9. An apparatus for plasma processing a substrate, comprising a
chamber wall forming processing chamber cavity; a substrate support
for supporting the substrate within the processing chamber cavity;
a gas inlet for providing a gas into the processing chamber cavity;
at least one plasma electrode for transforming a gas within the
processing chamber cavity into a plasma; and a coating comprising
at least one of erbium oxide, erbium fluoride, samarium oxide,
samarium fluoride, thulium oxide thulium fluoride, gadolinium
oxide, or gadolinium fluoride, is on a surface within the
processing chamber cavity, wherein the coating is 1 to 50 microns
thick.
10. The apparatus, as recited in claim 9, wherein the plasma
processing chamber further comprises: a power window, which
separates the at least one plasma electrode from the processing
chamber cavity; a pinnacle extending from the chamber wall to the
power window, wherein the gas inlet extends through the power
window, and wherein the coating coats a surface of at least one of
the power window, pinnacle or gas inlet.
11. The apparatus, as recited in claim 9, wherein the coating of at
least one of erbium oxide, erbium fluoride, samarium oxide,
samarium fluoride, thulium oxide thulium fluoride, gadolinium
oxide, or gadolinium fluoride covering a surface of the window body
is formed by at least one of plasma-enhanced chemical vapor
deposition, physical vapor deposition, chemical vapor deposition,
atomic layer deposition, or aerosol deposition.
12. The apparatus, as recited in claim 9, further comprising a
liner, wherein the coating coats the liner.
13. The apparatus, as recited in claim 9, wherein the coating of at
least one of erbium oxide, erbium fluoride, samarium oxide,
samarium fluoride, thulium oxide thulium fluoride, gadolinium
oxide, or gadolinium fluoride covering a surface of the window body
is formed by at least one of plasma-enhanced chemical vapor
deposition or physical vapor deposition.
14. The apparatus, as recited in claim 9, further comprising an
edge ring, wherein the coating coats the edge ring.

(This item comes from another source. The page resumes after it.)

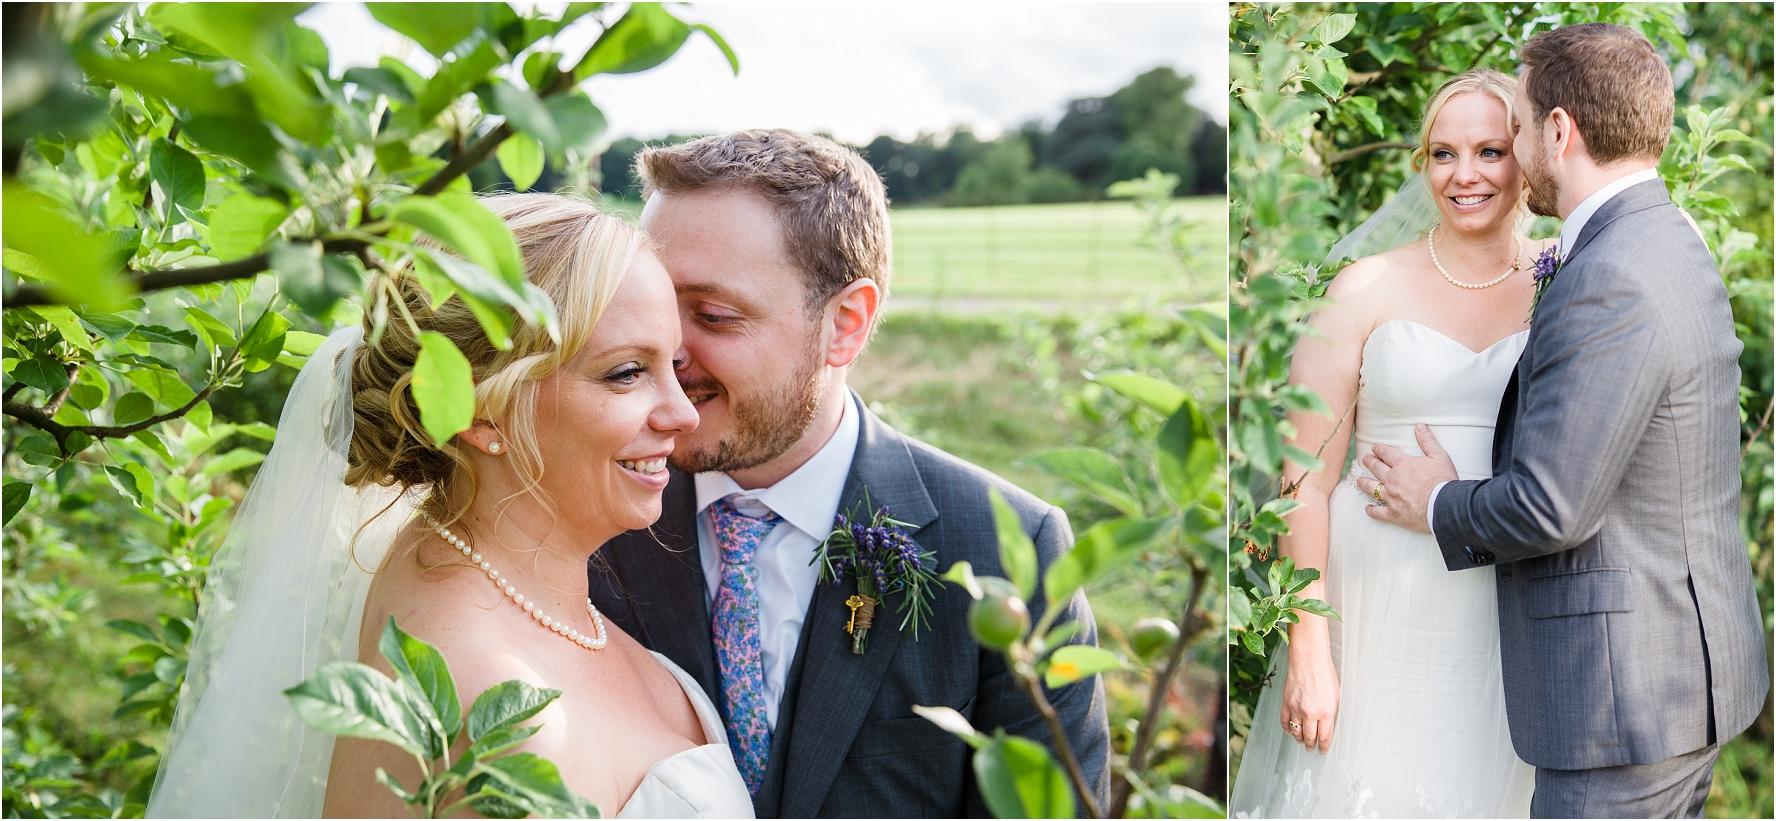 wedding-photography-the-orangery-settringham_0493

15. An apparatus for use in a plasma etch chamber, comprising: a
body; and a coating comprising at least one of erbium oxide, erbium
fluoride, samarium oxide, samarium fluoride, thulium oxide thulium
fluoride, gadolinium oxide, or gadolinium fluoride covering a
surface of the body, wherein the coating is 1 to 50 microns
thick.
16. The apparatus, as recited in claim 15, wherein the body
comprises at least one of Si, quartz, SiC, SiN, aluminum oxide,
aluminum nitride, stainless steel, or aluminum carbide.

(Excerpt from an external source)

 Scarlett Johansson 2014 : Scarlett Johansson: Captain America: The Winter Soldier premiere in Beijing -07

17. The apparatus, as recited in claim 16, wherein the coating is
formed by at least one of physical vapor deposition, chemical vapor
deposition, atomic layer deposition, or aerosol deposition.
18. The apparatus, as recited in claim 16, wherein the coating is
greater than 99% pure.
Description
BACKGROUND
[0001] The present disclosure relates to the manufacturing of
semiconductor devices. More specifically, the disclosure relates to
coating chamber surfaces used in manufacturing semiconductor
devices.
[0002] During semiconductor wafer processing, plasma processing
chambers are used to process semiconductor devices. Coatings are
used to protect and ensure successful performance of the chamber
surfaces in manufacturing semiconductor devices.

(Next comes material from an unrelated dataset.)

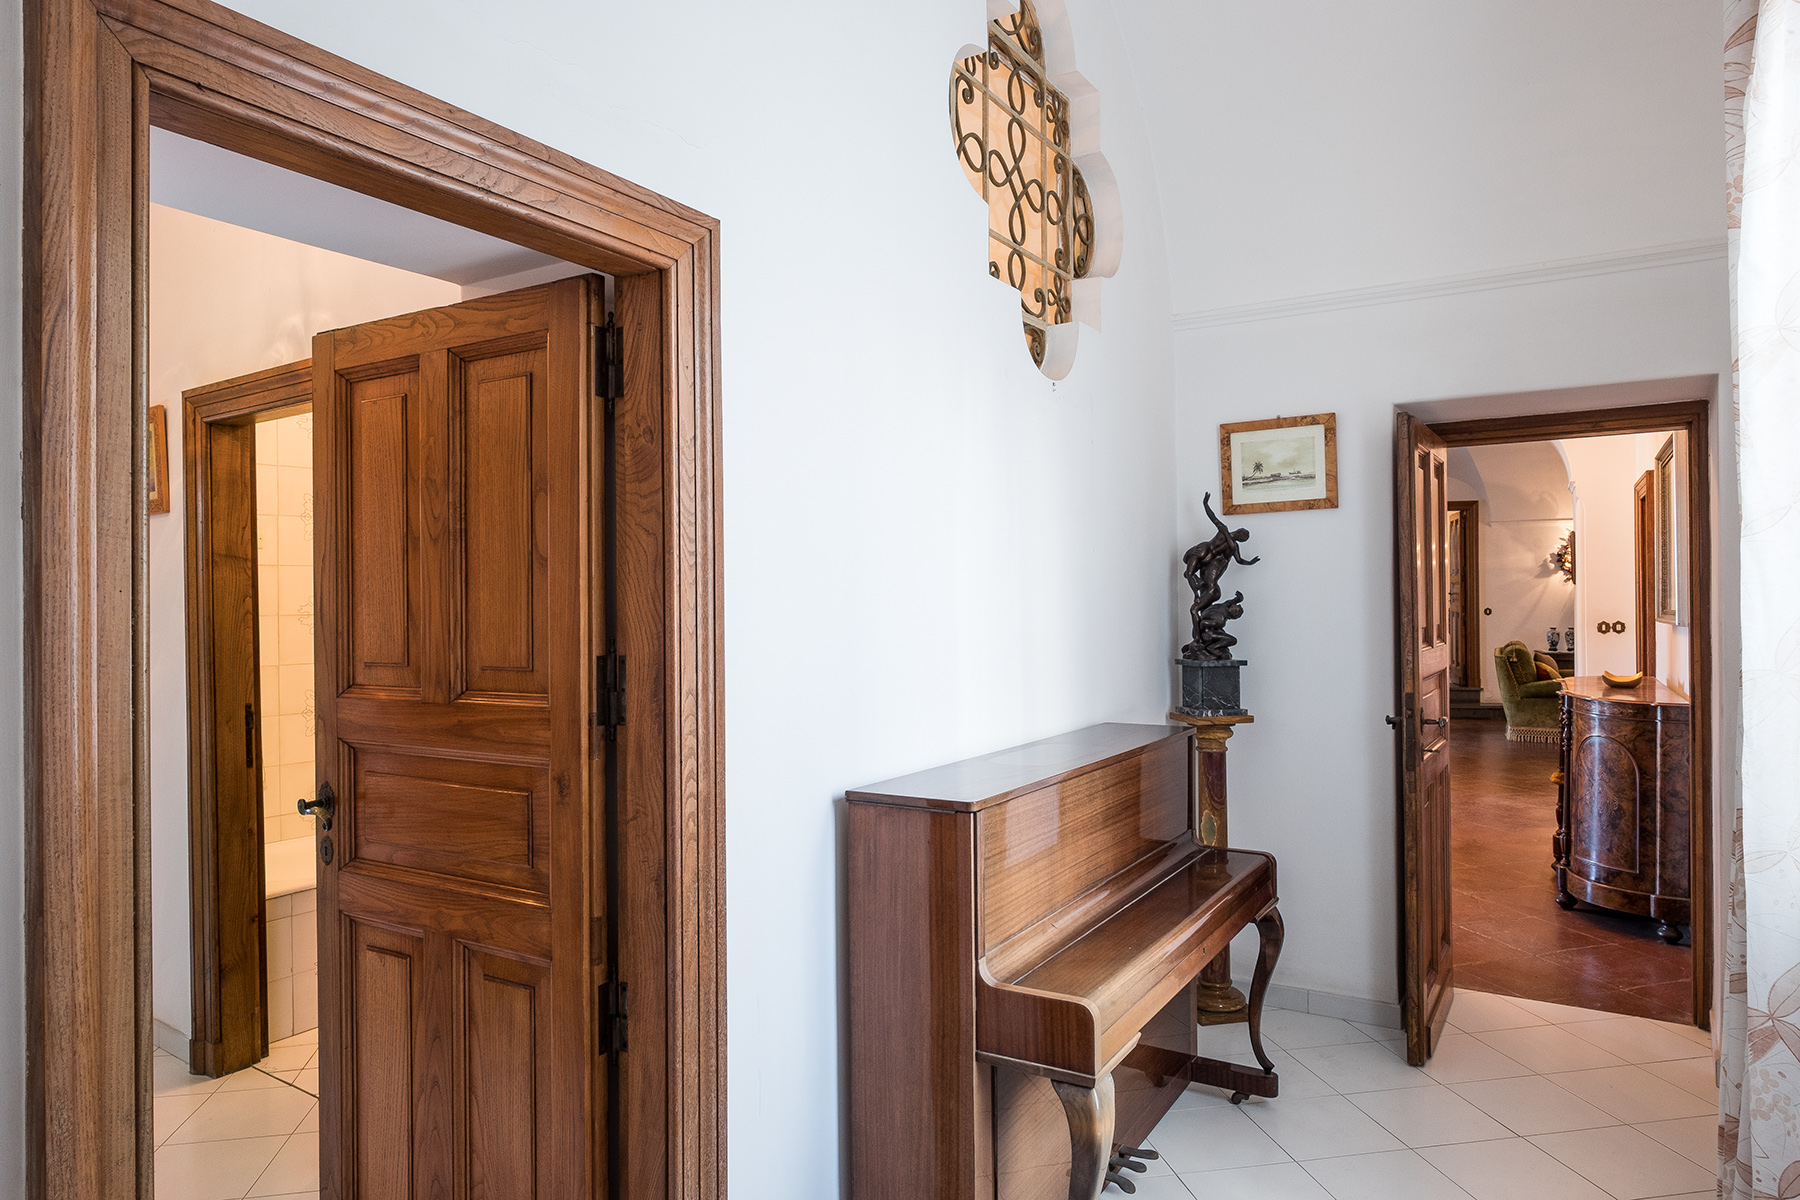 Casa indipendente in Vendita a Capri: 5 locali, 400 mq - Foto 15

[0003] Descriptions and embodiments discussed in this background
are not presumed to be prior art. Such descriptions are not an
admission of prior art.
SUMMARY
[0004] To achieve the foregoing and in accordance with the purpose
of the present disclosure, an apparatus for processing a substrate
is provided. A chamber wall forms a processing chamber cavity. A
substrate support for supporting the substrate is within the
processing chamber cavity. A gas inlet for providing gas into the
processing chamber is above a surface of the substrate. A window
for passing RF power into the processing chamber cavity comprises a
ceramic or quartz window body and a coating of at least one of
erbium oxide, erbium fluoride, samarium oxide, samarium fluoride,
thulium oxide thulium fluoride, gadolinium oxide, or gadolinium
fluoride on a surface of the ceramic window body. A coil is outside
of the processing chamber cavity, wherein the window is between the
processing chamber cavity and the coil.
[0005] In another manifestation, an apparatus for plasma processing
a substrate is provided. A chamber wall forms a processing chamber
cavity. A substrate support for supporting the substrate is within
the processing chamber cavity. A gas inlet for provides a gas into
the processing chamber cavity. At least one plasma electrode is
provided for transforming a gas within the processing chamber
cavity into a plasma. A coating comprising at least one of erbium
oxide, erbium fluoride, samarium oxide, samarium fluoride, thulium
oxide thulium fluoride, gadolinium oxide, or gadolinium fluoride is
on a surface within the processing chamber cavity, wherein the
coating is 1 to 50 microns thick.
[0006] In another manifestation of the disclosure an apparatus for
use in a plasma etch chamber is provided. The apparatus comprises a
ceramic, stainless steel, or quartz body and a coating comprising
at least one of erbium oxide, erbium fluoride, samarium oxide,
samarium fluoride, thulium oxide thulium fluoride, gadolinium
oxide, or gadolinium fluoride covering a surface of the ceramic
body, wherein the coating is 1 to 50 microns thick.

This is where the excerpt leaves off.